Id. at 181, 68 N.E.2d 265. Similar reasoning has been employed in other jurisdictions, including the Ninth Circuit Court of Appeals, Georgia, Missouri, Pennsylvania, and Arizona. United States v. Emens, 565 F.2d 1142, 1144-45 (9th Cir.1977) (dismissal of indictment); Buice v. State, 239 Ga.App. 52, 520 S.E.2d 258, 262 (1999); State v. Montgomery, 276 S.W.2d 166, 167-68 (Mo.1955); Commonwealth v. Ashe, 138 Pa.Super. 222, 227-28, 11 A.2d 173 (1940); Condos v. Superior Court for Maricopa County, 29 Ariz. 186, 190-91, 239 P. 1032 (1925) (dismissal of aetion).

¶ 42. Given Mississippi precedent adhering to the common-law rule that “all judgments, decrees or [court orders], however conclusive in their character, are under the control of the court which pronounces them during the term at which they are rendered or entered of record and may then be set aside, vacated, modified, or annulled by that court”,5, 6 I find that Judge Hilburn indeed had the authority to rescind the previously approved nolle pro-sequi order based on the reasons Judge Hilburn stated for the record, first, at Williams’s motion-to-dismiss hearing (over which Judge Hilburn presided) and then at the hearing before Judge Weill.

¶ 43. After Judge Hilburn rescinded the nolle prosequi order, Smith informed Judge Hilburn that his. office would-not prosecute the matter. At that point, Smith became “absent” for purposes of Mississippi Code Section 25-31-21, which contemplates such a circumstance. Judge Hilburn then acted accordingly to law.

¶ 44. For these reasons, I dissent. I would reverse Judge Weill’s order dismissing cause number 03-0-969, and reinstate and affirm Judge Hilburn’s order transferring the matter to the Attorney General’s Office.

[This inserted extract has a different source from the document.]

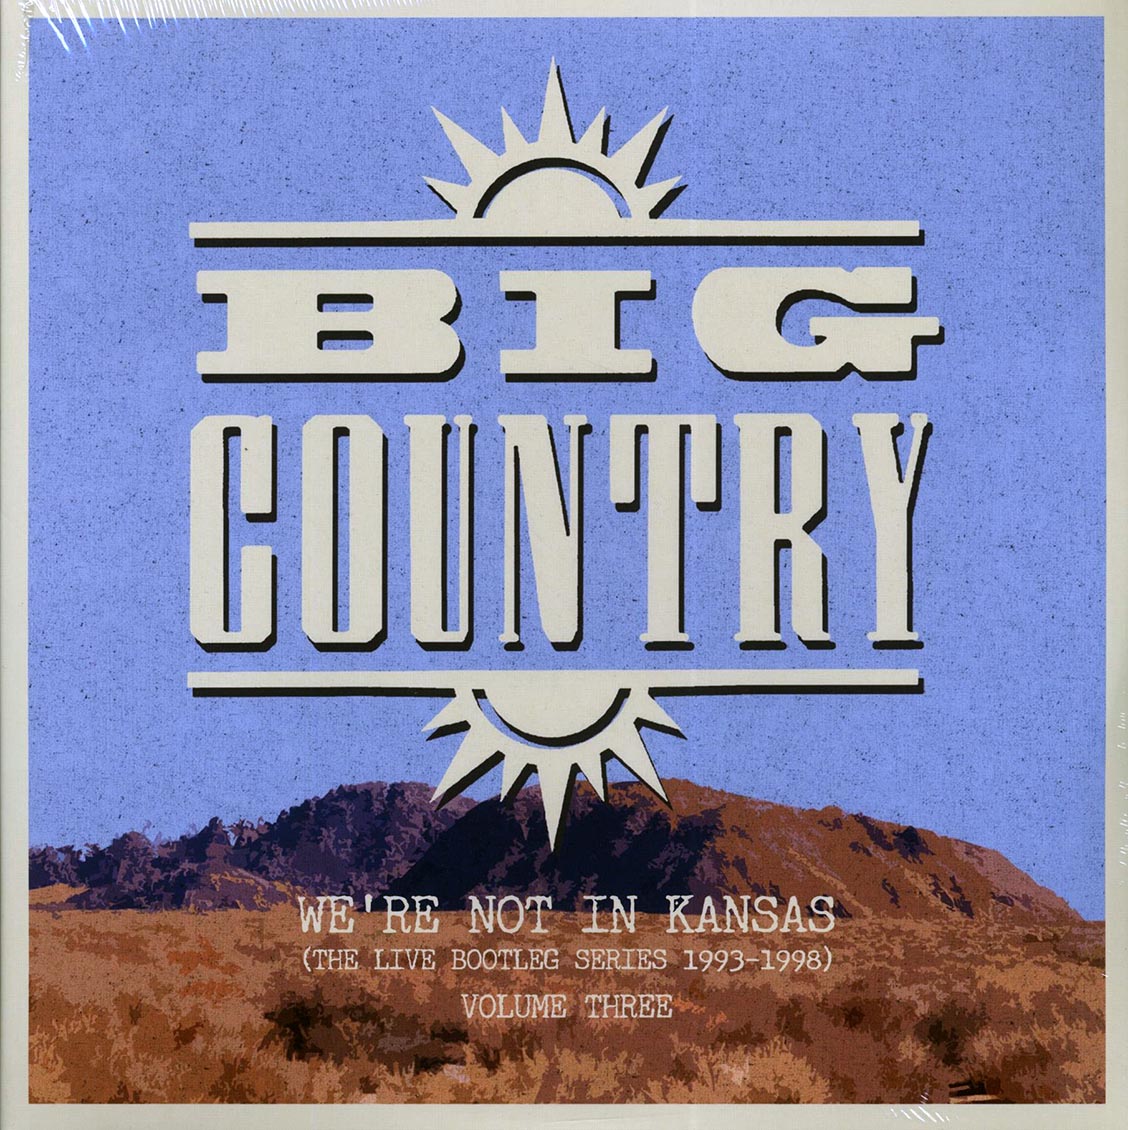 Big Country - We're Not In Kansas: The Live Bootleg Series 1993-1998 Volume 3 (ltd. ed.) (2xLP) - Vinyl LP

*922WALLER, C.J., AND RANDOLPH, P.J., JOIN THIS OPINION. . COLEMAN, J., JOINS THIS OPINION IN PART.

, To be clear, Judge Hilburn testified before Judge Weill that he rescinded the nolle prose-qui order, drafted by the District Attorney’s Office, after Judge Hilburn realized there were statements made in the order that were "absolutely untrue.” Judge Hilburn then went to the District Attorney's office and told him he had withdrawn the order. According to Judge Hilburn, District Attorney Smith said he was not going to prosecute the case. Judge Hilburn then told District Attorney Smith that the Attorney General’s Office had expressed a desire to prosecute the case. To which District Attorney Smith replied, "I don't care.”

. Cranford, 156 So. at 877 (quoting Bronson v. Schulten, 104 U.S. 410, 26 L.Ed. 797 (1881)). The Cranford Court also cited McRaven v. McGuire, 17 Miss. 34 (1847), in which it was recognized that the same principle applies to decisions rendered by the Mississippi Supreme Court. In McRaven, it was said: "During the term the judgments of that term are always under control of the court; of course the opinions of each or either of the [justices], may be recalled, and changed, if he becomes satisfied of error.” McRaven, 17 Miss. 34.

. See also Robinson v. State, 585 So.2d 757, 758 (Miss.1991) (rejecting claim that a second sentence entered by the trial court was invalid because original sentence was a final judgment.) Citing Jones v. Index Drilling Co., 251 Miss. 578, 170 So.2d 564 (1965), and Bronson, 104 U.S. 410, 26 L.Ed. 797, the Robinson Court reiterated the general rule that all judgments or other court orders "may be set aside, vacated, modified or annulled” by that court during the term at which they are rendered. Robinson, 585 So.2d at 758.